▶ **Collected material**:
________________
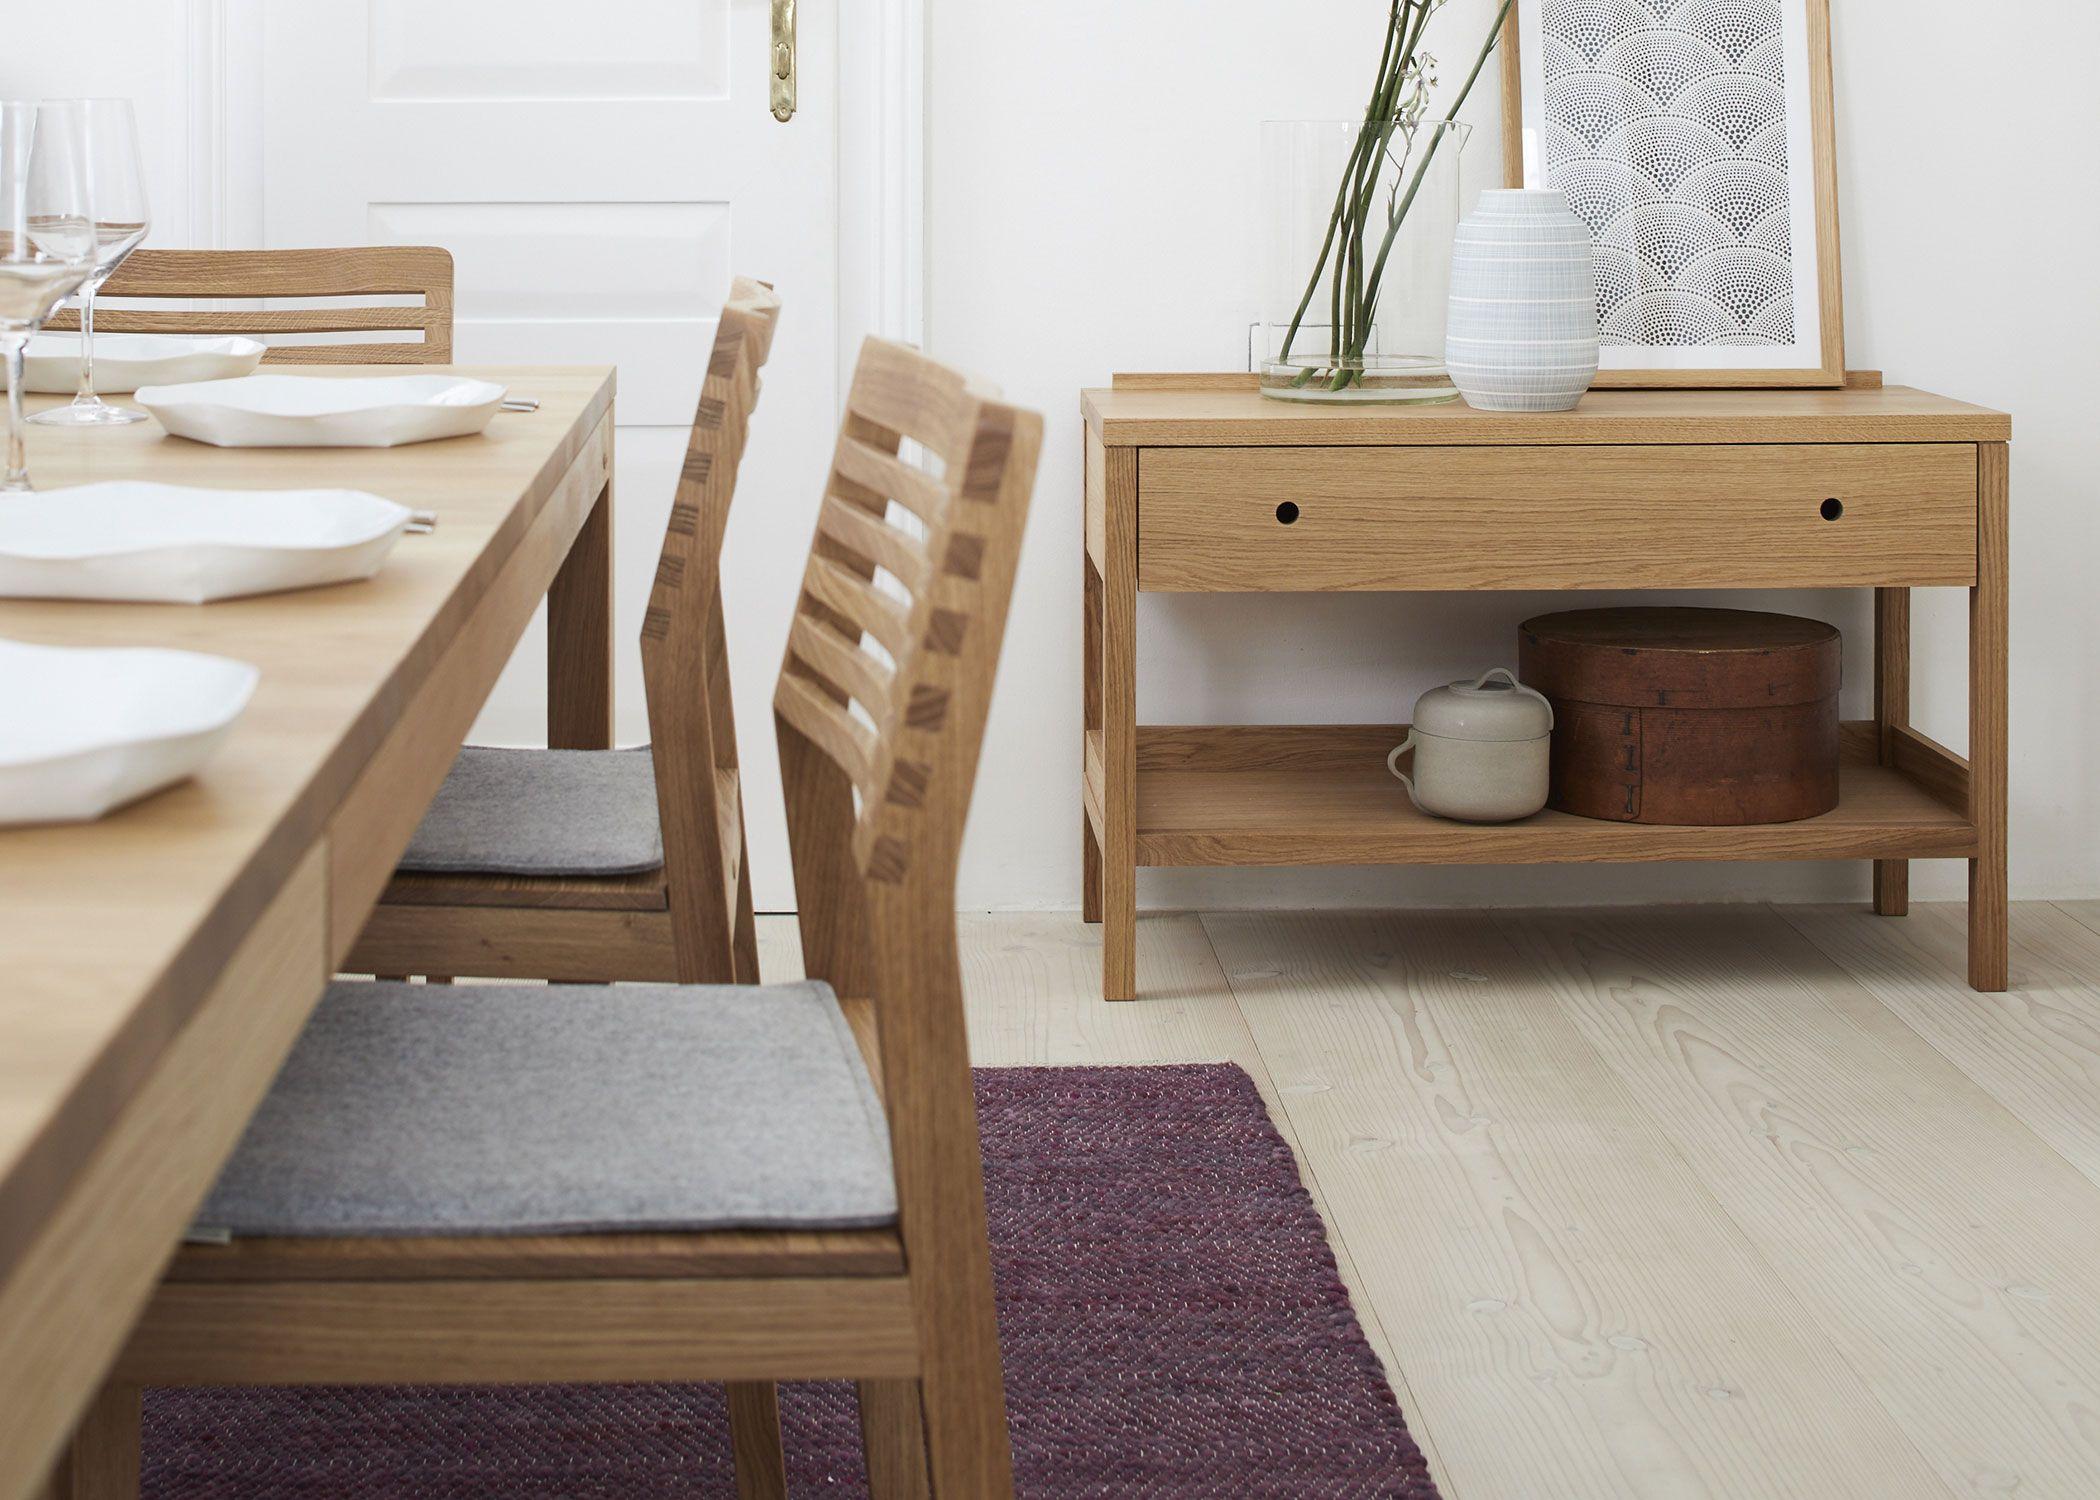 Set 2 Stk Stuhl Freddy Haus Deko Stühle Stuhlbeine
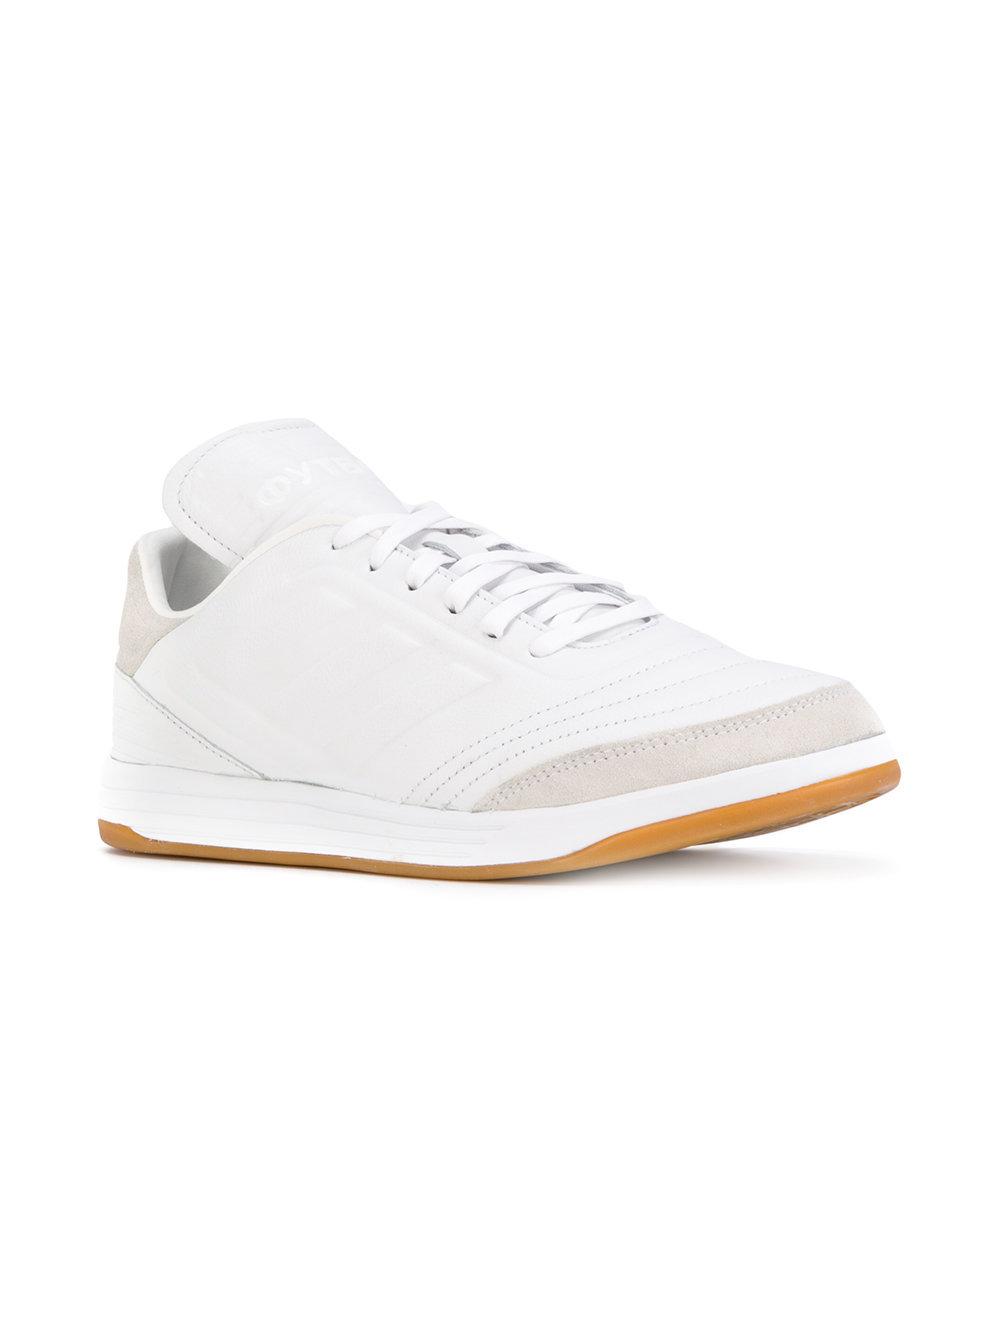 new arrival f8e1e ed1ab Gosha Rubchinskiy X Originals Copa Sneakers
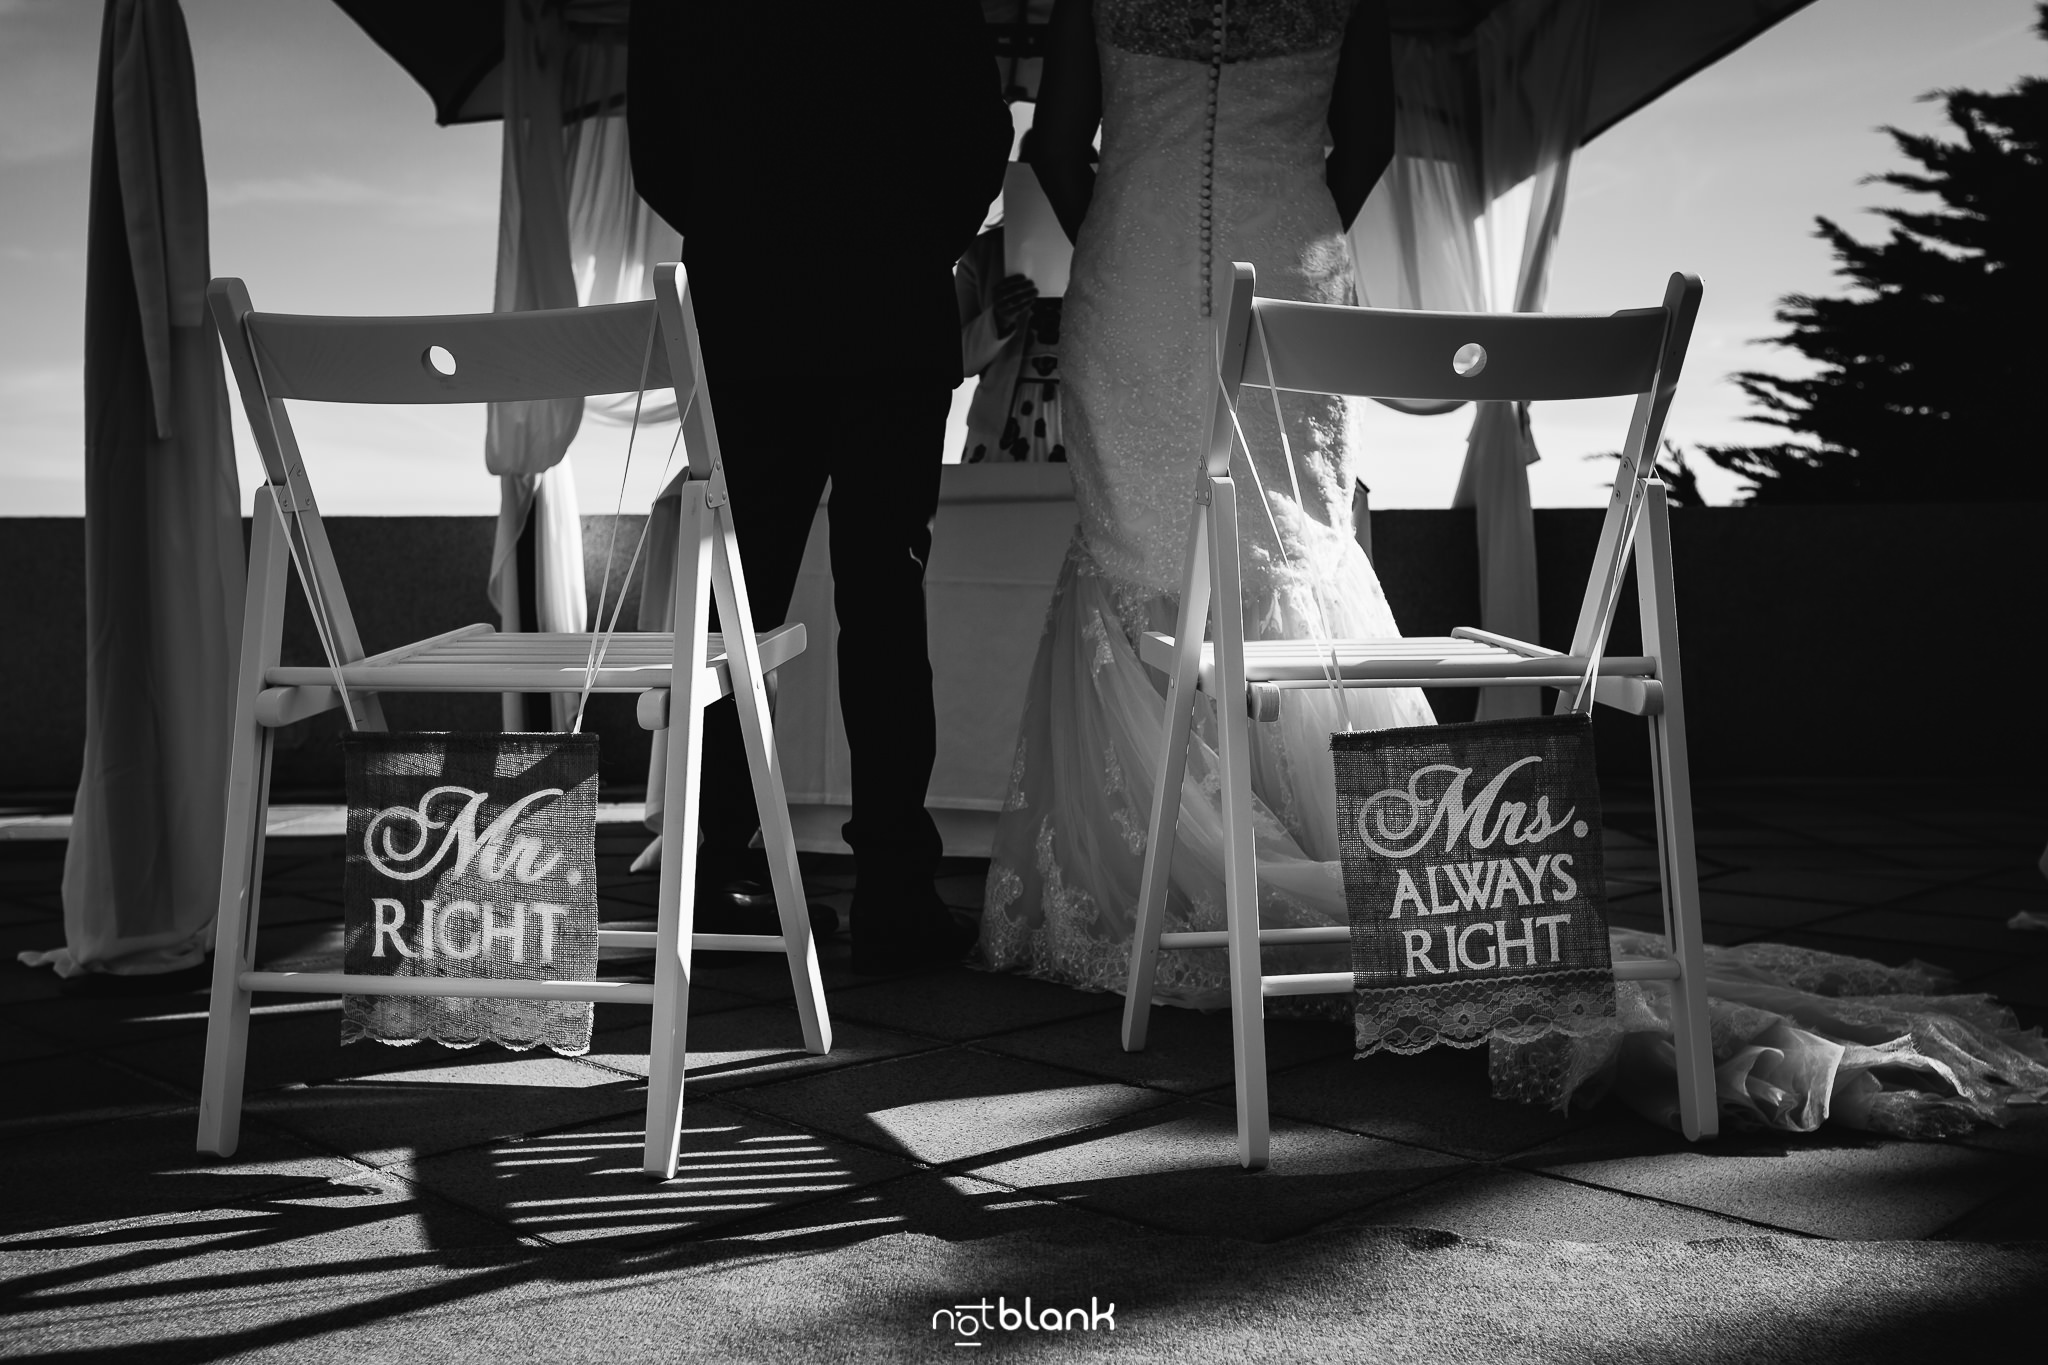 Boda-Maite-David-Novios-En-Altar-Con-Mensajes-Graciosos-En-Sillas. Reportaje realizado por Notblank fotógrafos de boda
________________
▶ **Assigned task**: It would help to have the listing above repeated exactly, with all images removed.

▶ **Expected answer**:
 Set 2 Stk Stuhl Freddy Haus Deko Stühle Stuhlbeine
 new arrival f8e1e ed1ab Gosha Rubchinskiy X Originals Copa Sneakers
 Boda-Maite-David-Novios-En-Altar-Con-Mensajes-Graciosos-En-Sillas. Reportaje realizado por Notblank fotógrafos de boda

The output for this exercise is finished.